Problem Description
Given an array of positive integers and a sequence of removal queries, each query removes an element from the array. The removal can split the array into several contiguous segments of remaining positive integers. After each removal query, the task is to determine the maximum segment sum (i.e., the sum of a contiguous block) among all segments. The twist is that the queries are applied one-by-one, and we need to output the maximum segment sum after each removal.
Key Insights
- Instead of processing removals in the given order, we can reverse the process by instead "adding" elements back.
- In the reverse process, initially treat the array as completely removed (all zeros) and add back elements in the reverse order of removal.

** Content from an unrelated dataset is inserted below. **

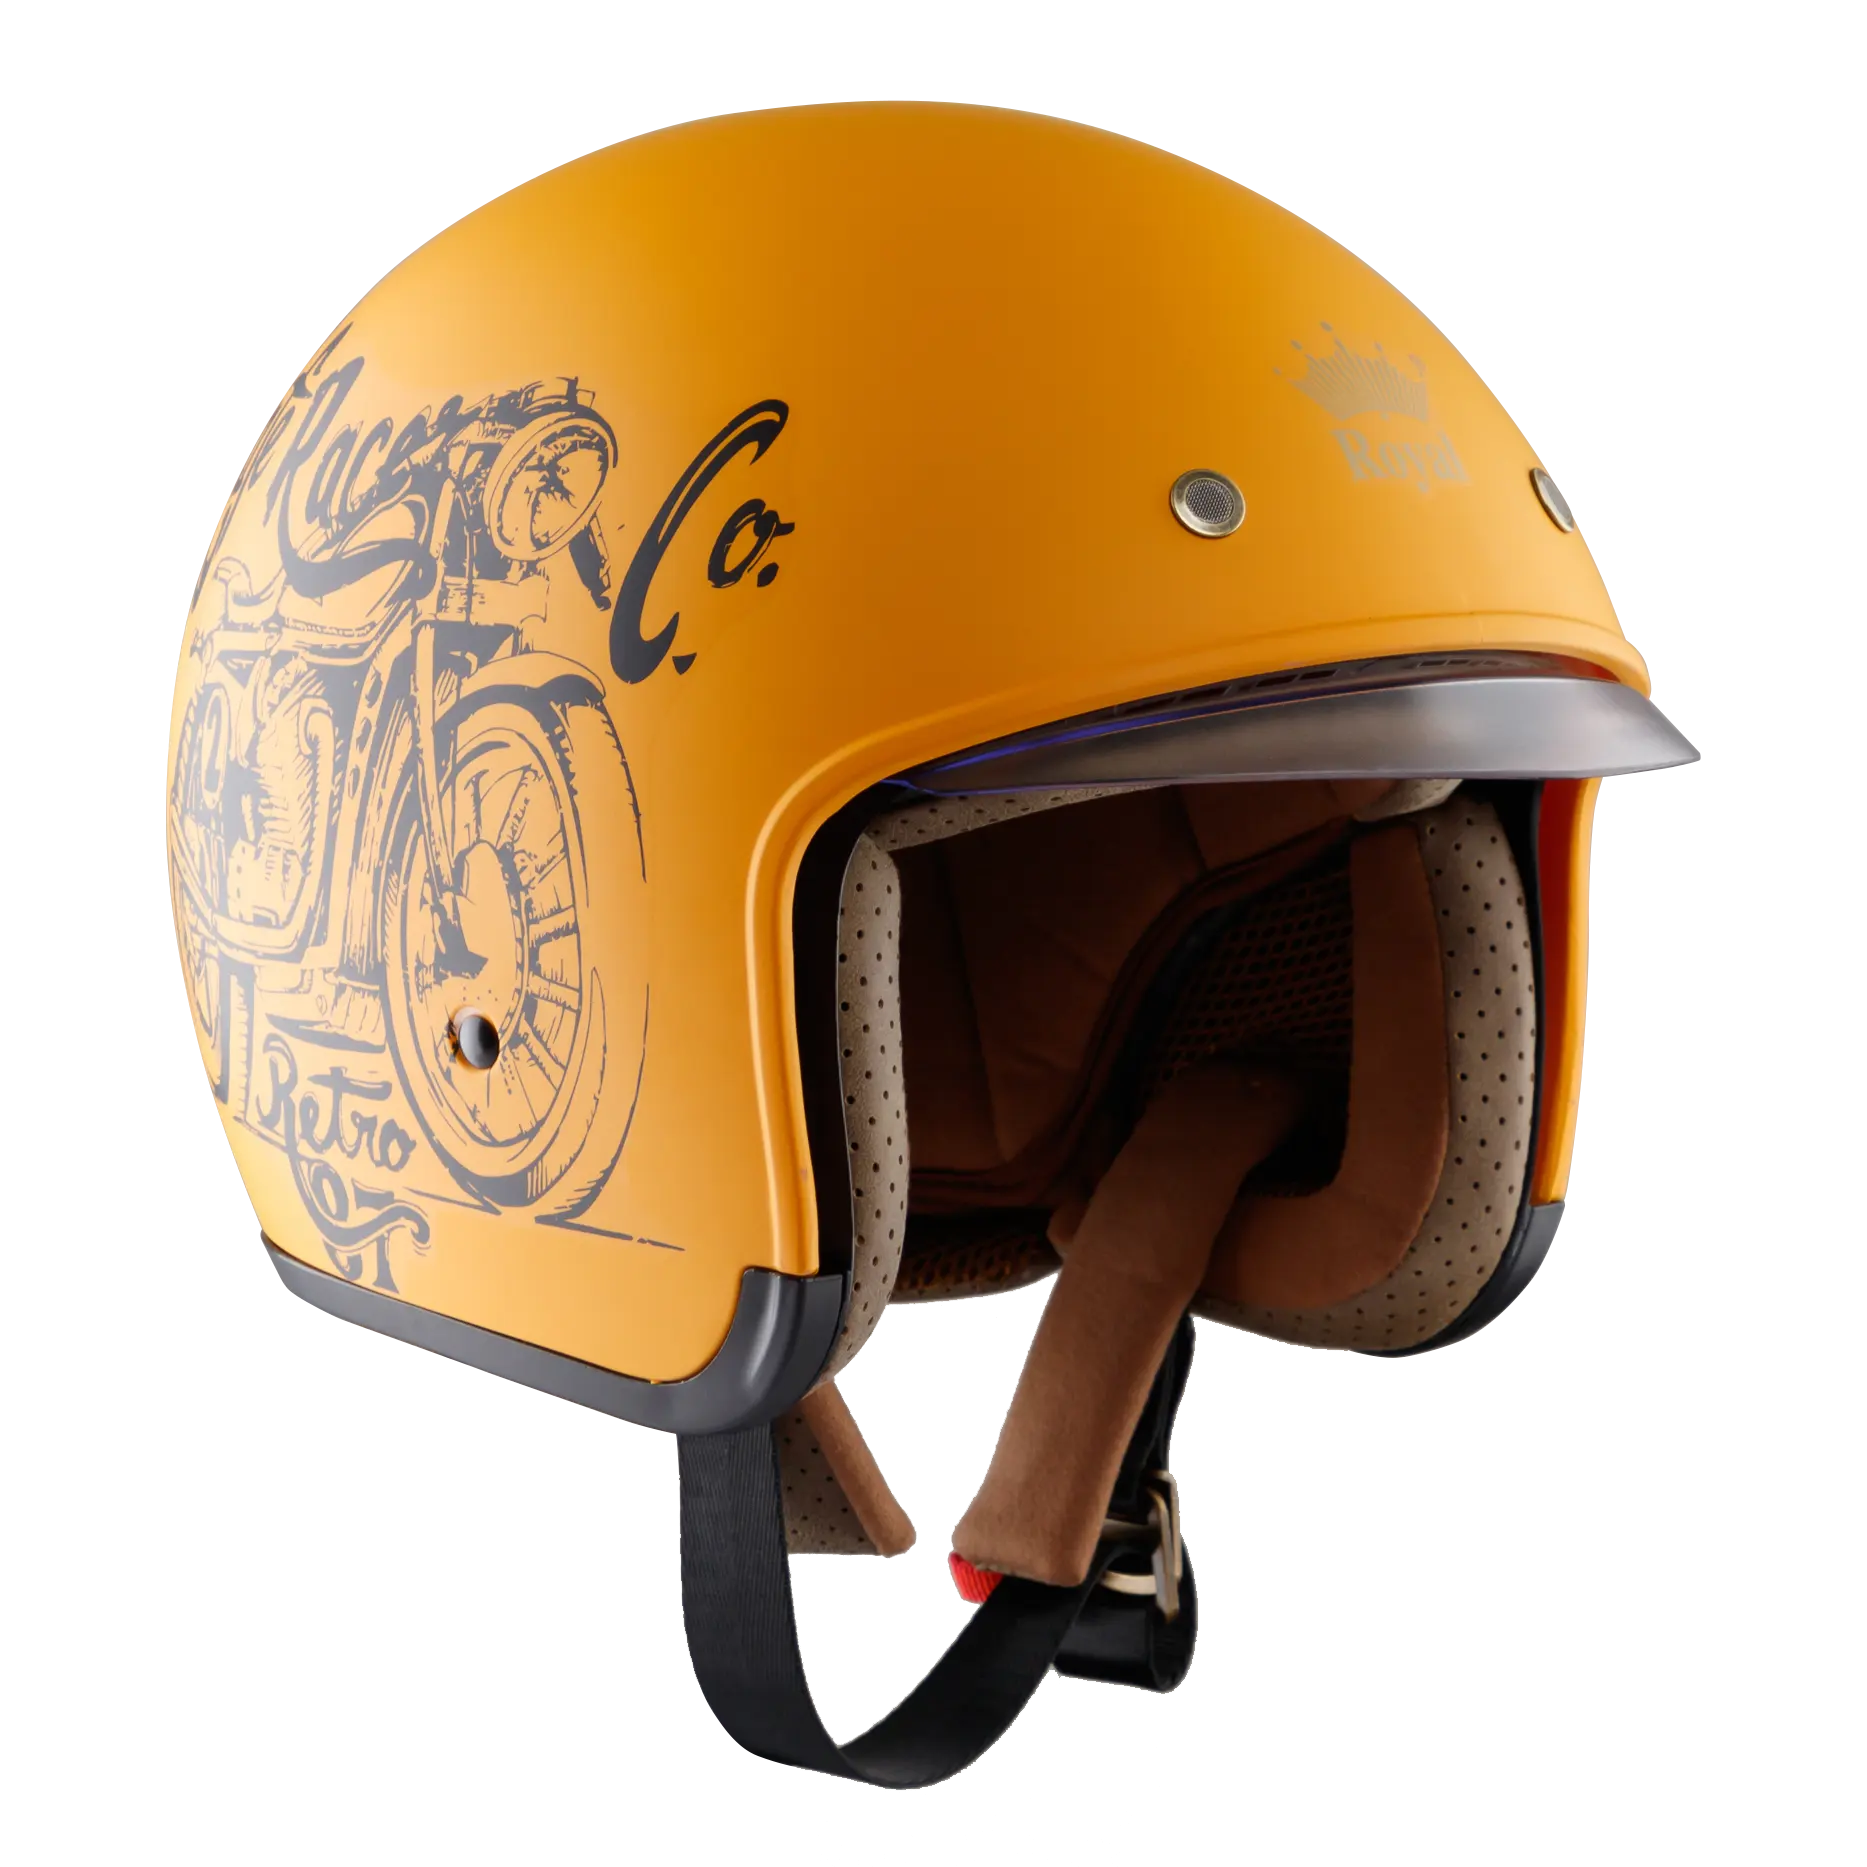 Royal M139 высококачественный продвинутый ABS скрытый козырек в стандартном морденском стиле винтажный шлем с открытым лицом для клиентов OEM

- When adding an element, check its immediate neighbors. If any neighbor has already been added (i.e. belongs to a segment), merge these segments.

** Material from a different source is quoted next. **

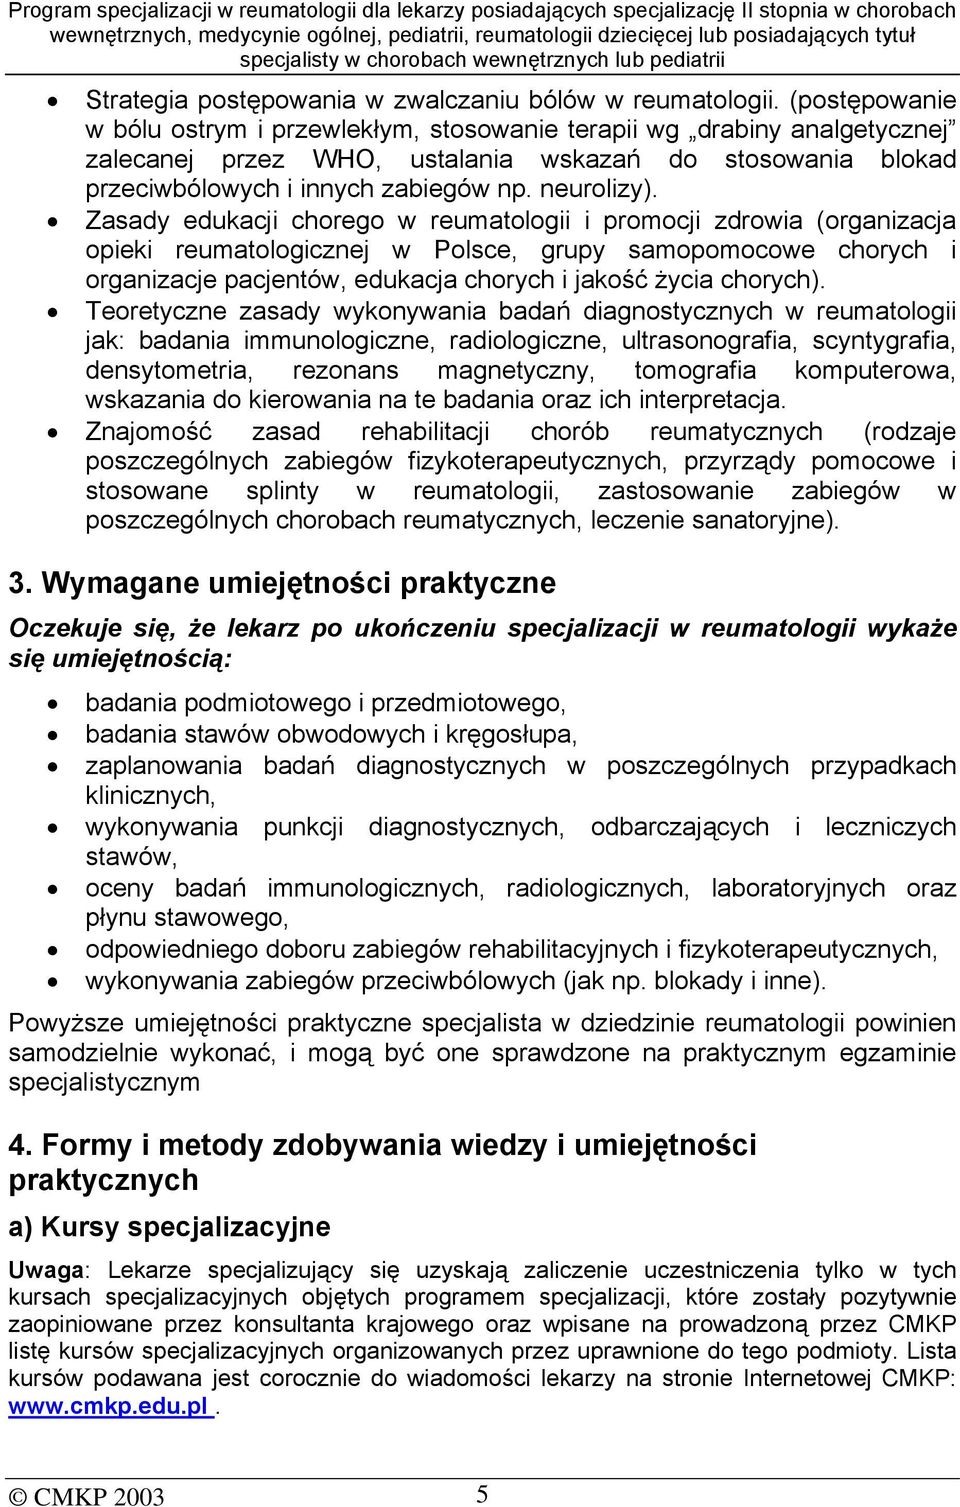 Zasady edukacji chorego w reumatologii i promocji zdrowia (organizacja opieki reumatologicznej w Polsce, grupy samopomocowe chorych i organizacje pacjentów, edukacja chorych i jakość życia chorych).

- Use a Union Find (Disjoint Set Union) data structure to efficiently merge segments and maintain the total sum for each segment.

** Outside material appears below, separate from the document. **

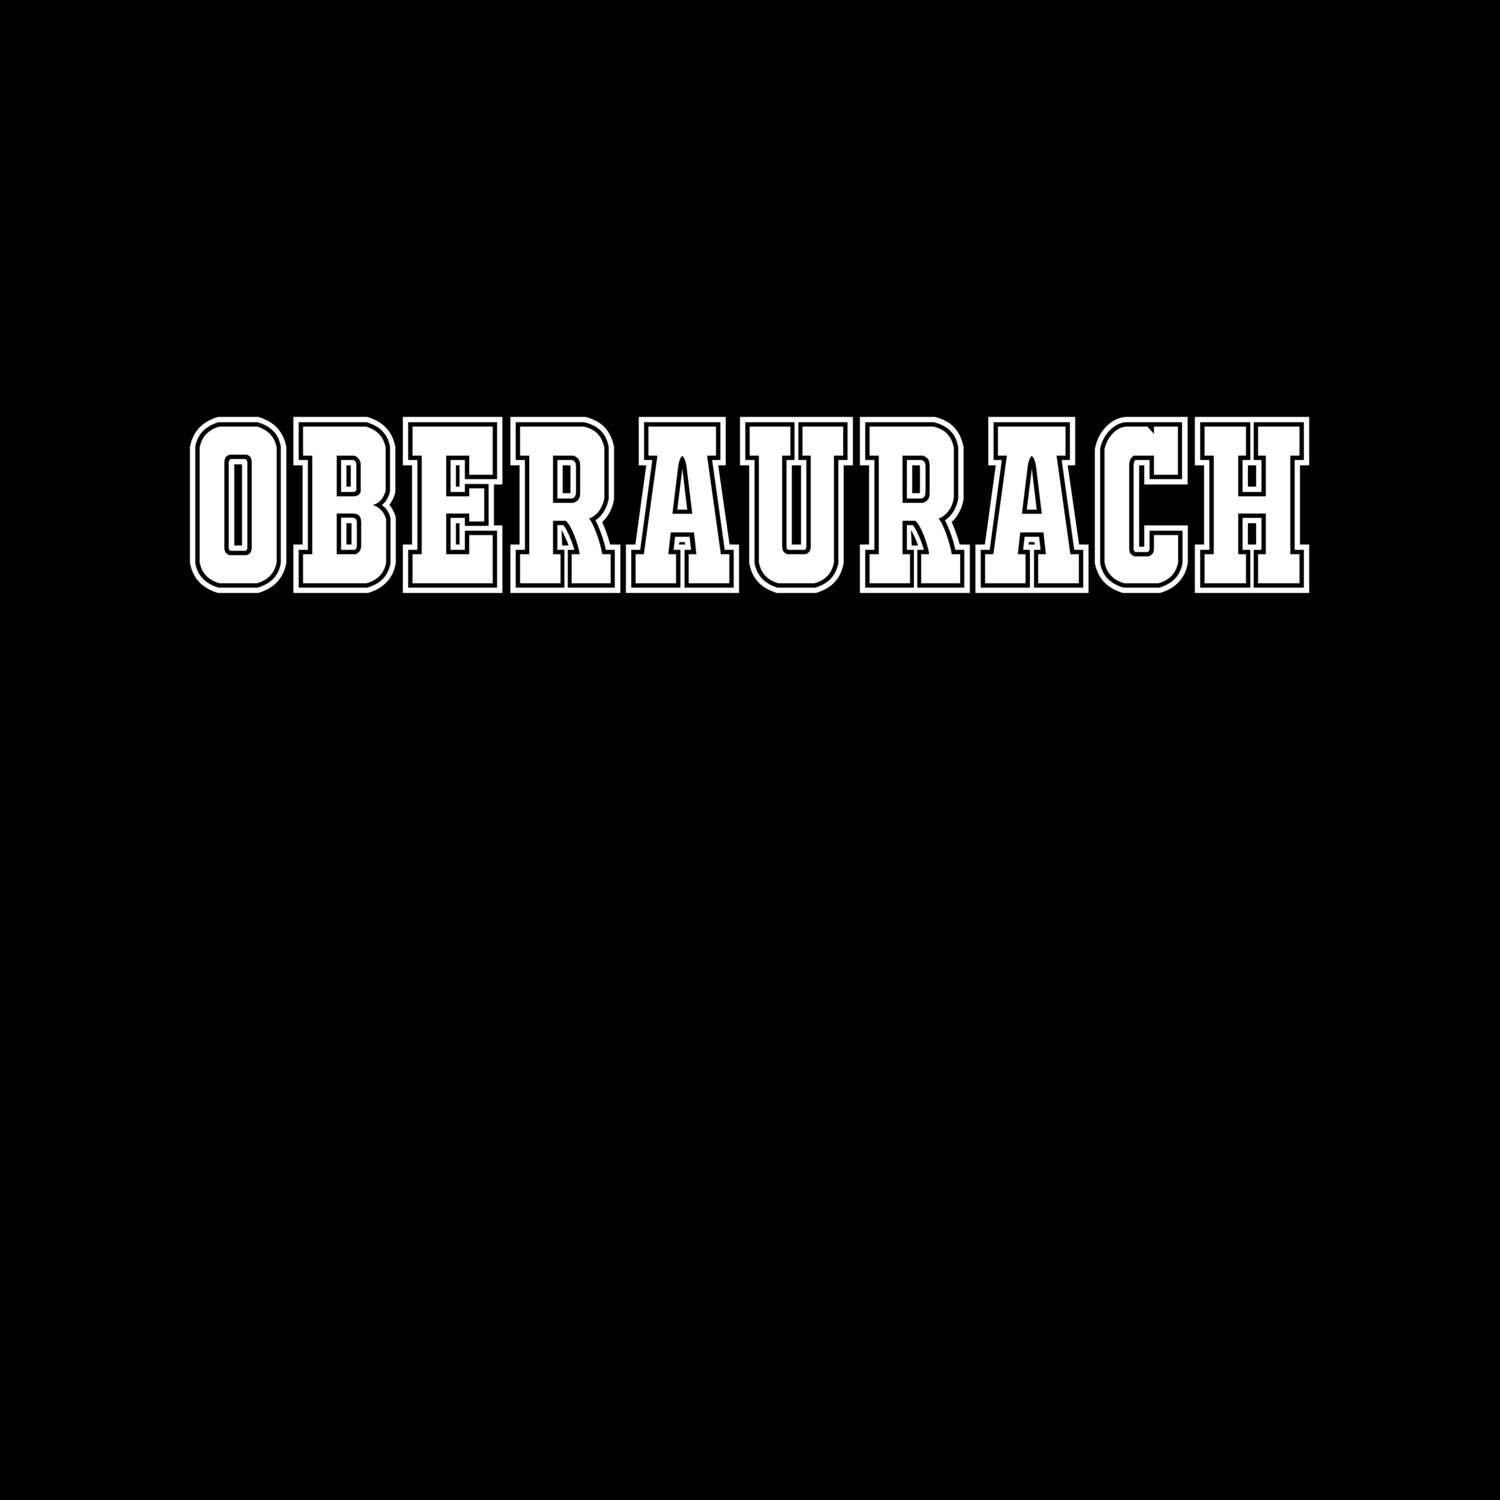 Oberaurach T-Shirt »Classic«

- Keep a global variable to track the maximum segment sum seen so far.
- Finally, the results obtained during the reverse simulation should be reversed to match the original order of removals.
Space and Time Complexity
Time Complexity: O(n · α(n)) ≈ O(n) per query, where n is the length of the array and α(n) is the inverse Ackermann function (almost constant). Space Complexity: O(n) for the Union Find data structure and auxiliary arrays.
Solution
We use a reverse process: start from an empty array and add elements in reverse order of removals. When an element is added, it starts as its own segment. Then check and merge with left and right neighbors (if they are already added) using the Union Find structure. The DSU keeps track of the parent, the size of the segment, and importantly the segment sum. After each addition, update the maximum sum. Finally, reverse the series of maximum sums we collected during the reverse simulation to return the answer in the order of removals.